File What the ARG controls
initramfs/Dockerfile Package the initramfs stages erofs.ko + libcrc32c.ko from.
vz/Dockerfile Package the VZ rootfs installs as the in-guest kernel.

make check-kernel-pin (wired into make check) fails the build if the two values drift apart. Bump both in lockstep when picking up a new Ubuntu kernel:

# Both lines must declare the same package version.
grep '^ARG LINUX_IMAGE_VERSION=' initramfs/Dockerfile vz/Dockerfile

Firecracker's rootfs uses the custom KERNEL_TAG-built kernel (firecracker/Dockerfile kernel-builder stage) and does not install linux-image-virtual — so it's not covered by this pin. FC's initramfs IS the same artifact initramfs/Dockerfile builds, so the FC initramfs path is covered by LINUX_IMAGE_VERSION automatically; FC's custom kernel has erofs built-in, so the .ko load is non-load-bearing on FC anyway.

After bumping the pin, validate locally:

docker buildx prune --all --force
./scripts/build-vz-rootfs.sh --variant base
# Then boot a shed against the rebuilt blob and verify uname -r.

See docs/upgrades/v0.5.7-to-v0.5.8.md for the original SHED-INIT-03 incident report.

Image Caching

Pull / save / load / build all land manifests and blobs in the OCI store. Tag pointers (tags/<name>.json) are the human-readable handles.

When the OCI ref in your config changes (for example after a version bump), shed compares the manifest's recorded io.shed.source-ref annotation against the configured ref. On mismatch, the cache is considered stale and shed-server pull-images re-pulls.

Cleaning Up Images

Shed follows the Docker model: shed image rm removes a tag, shed image prune garbage-collects unreferenced blobs.

shed image rm myimage           # removes the tag; blobs persist
shed image prune --dry-run      # preview reclaim
shed image prune                # reclaim

shed image prune walks every tag, shed, and snapshot, collects the manifest digests they pin (tags/<name>.json, instances/<name>/metadata.jsonlower_digest, snapshots/<name>/snapshot.jsonlower_digest), expands each manifest to the layers it references, and deletes any blob or cached ext4 not in that reachable set.

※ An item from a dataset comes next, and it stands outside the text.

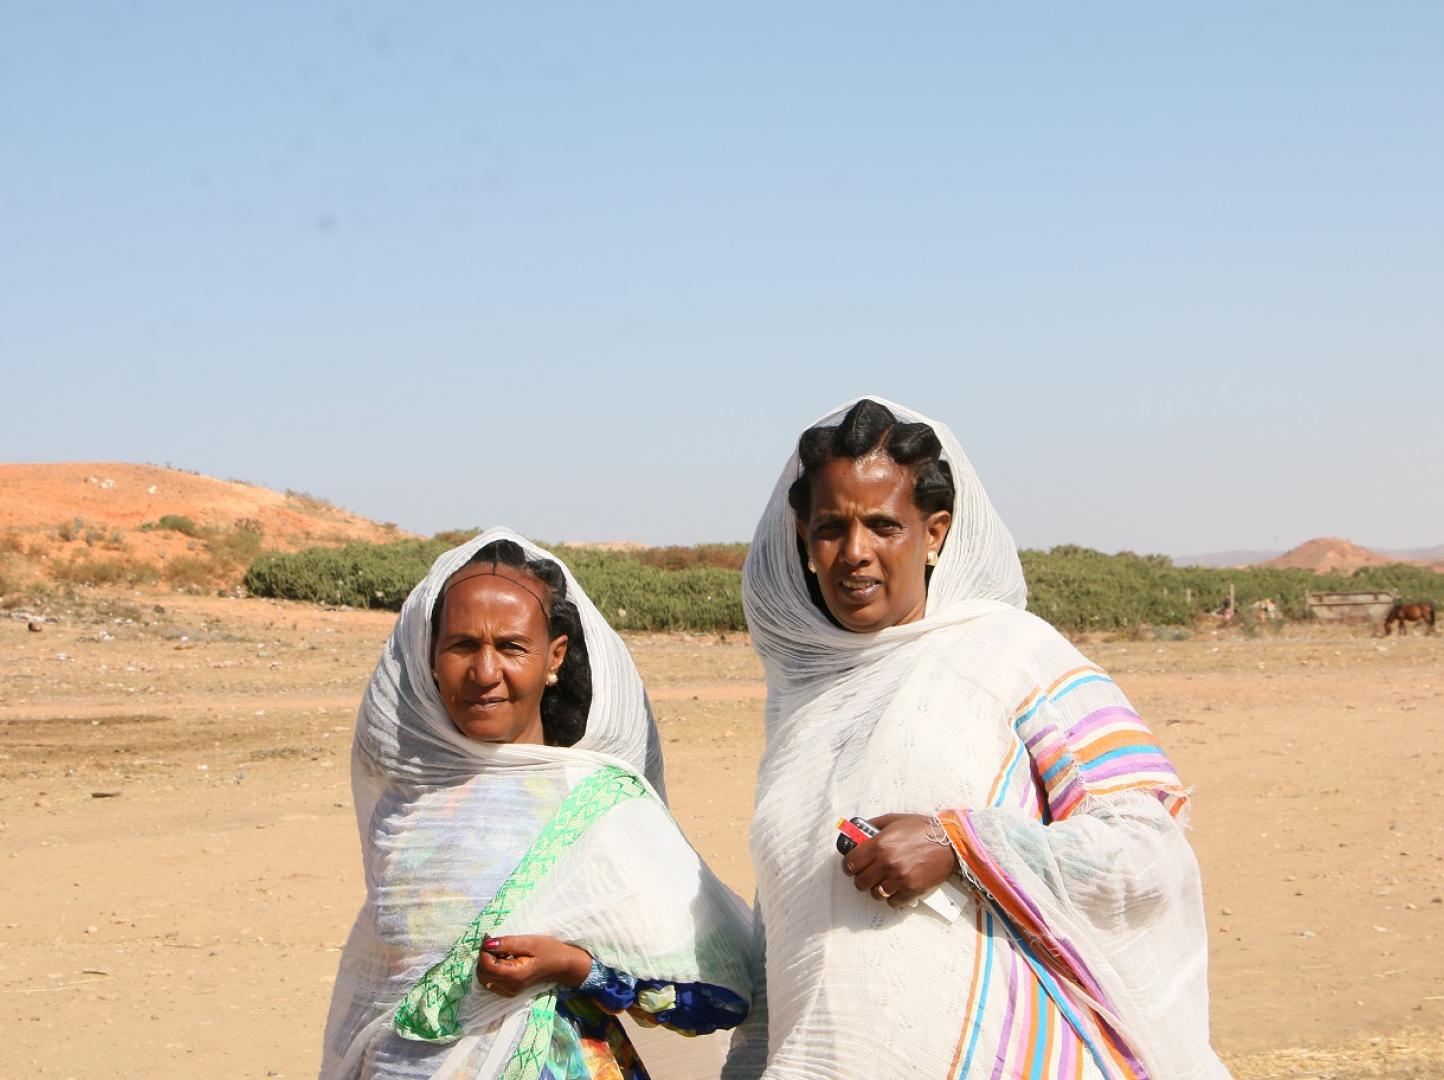 Genet Mahari (left) and Tieba Abraha are trained community health volunteers who go house to house in their community and can screen and detect malnutrition among children under five. 
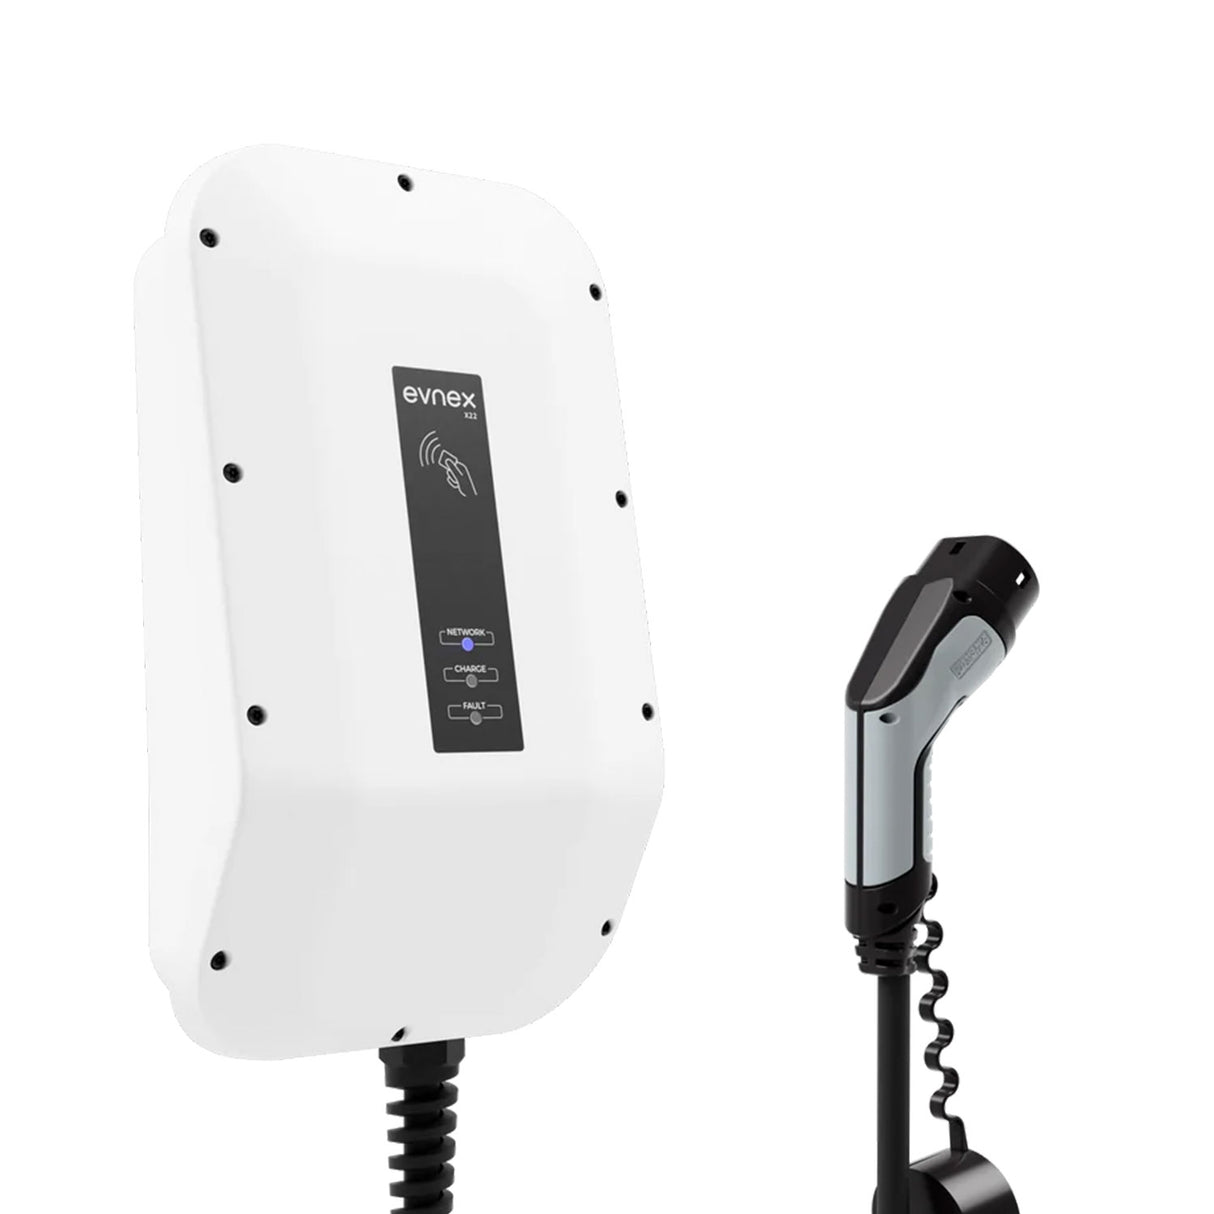 Evnex X Series Smart EV Charger 22kW with Type 2 Cable - White

Tags ARE protective as of v0.5.8 — pre-v0.5.8 they were informational and prune deleted blobs they pointed at (see v0.5.7 → v0.5.8).

Deleting a tag for an image that's still pinned by a running or stopped shed is safe — the shed boots from the digest pinned in its metadata, not the tag.

Cookbook: upgrading image versions

For the full step-by-step (with Linux/.deb + macOS/brew variants and local-image-build cache cleanup), see the v0.5.7 → v0.5.8 upgrade guide. Same shape applies to every shed version bump:

  1. Delete any sheds you no longer need.
    shed delete <name>
    
  2. Bump the refs in server.yaml.
  3. Restart the server.

    sudo systemctl restart shed-server
    
    brew services restart shed
    
  4. Pull the new images.

    sudo shed-server pull-images
    

  5. Drop any stale tags you added by hand (the configured tags advance in place during step 4 and are not stale).
    shed image rm <stale-experimental-tag>
    
  6. Reclaim unreferenced blobs.
    shed image prune --dry-run
    shed image prune --force
    
  7. Verify.
    shed image ls
    shed system df
    

Upgrading across schema versions

Metadata schema went v2v3 with the OCI store rollout. The initramfs refuses to mount lower images stamped with anything other than v3. Pre-v3 sheds and snapshots are not migrated automatically.

To upgrade from a v2 install:

  1. Stop the server.
  2. Delete images_dir, instances/, snapshots/, and uppers/.
  3. Install the new release.
  4. Restart the server and re-pull images.

Host-backed --local-dir/--add-dir mounts (bound under /home/shed/<basename>) are unaffected. Data that lived only inside the deleted upper layers — including a cloned --repo and anything written under /home/shed — is lost, by design: the upper layer is per-shed scratch space, not durable storage.

Disk Space

Per-shed cost is the writable upper layer alone (sparse, default 5 GB, configurable via shed create --upper-size) — not a copy of the rootfs. All read-only layers are shared across every shed pinning the same manifest digest, both on disk and in the host page cache.

To measure usage:

shed system df
shed system df -v

See Disk Management and Storage Model for layout details and reclamation.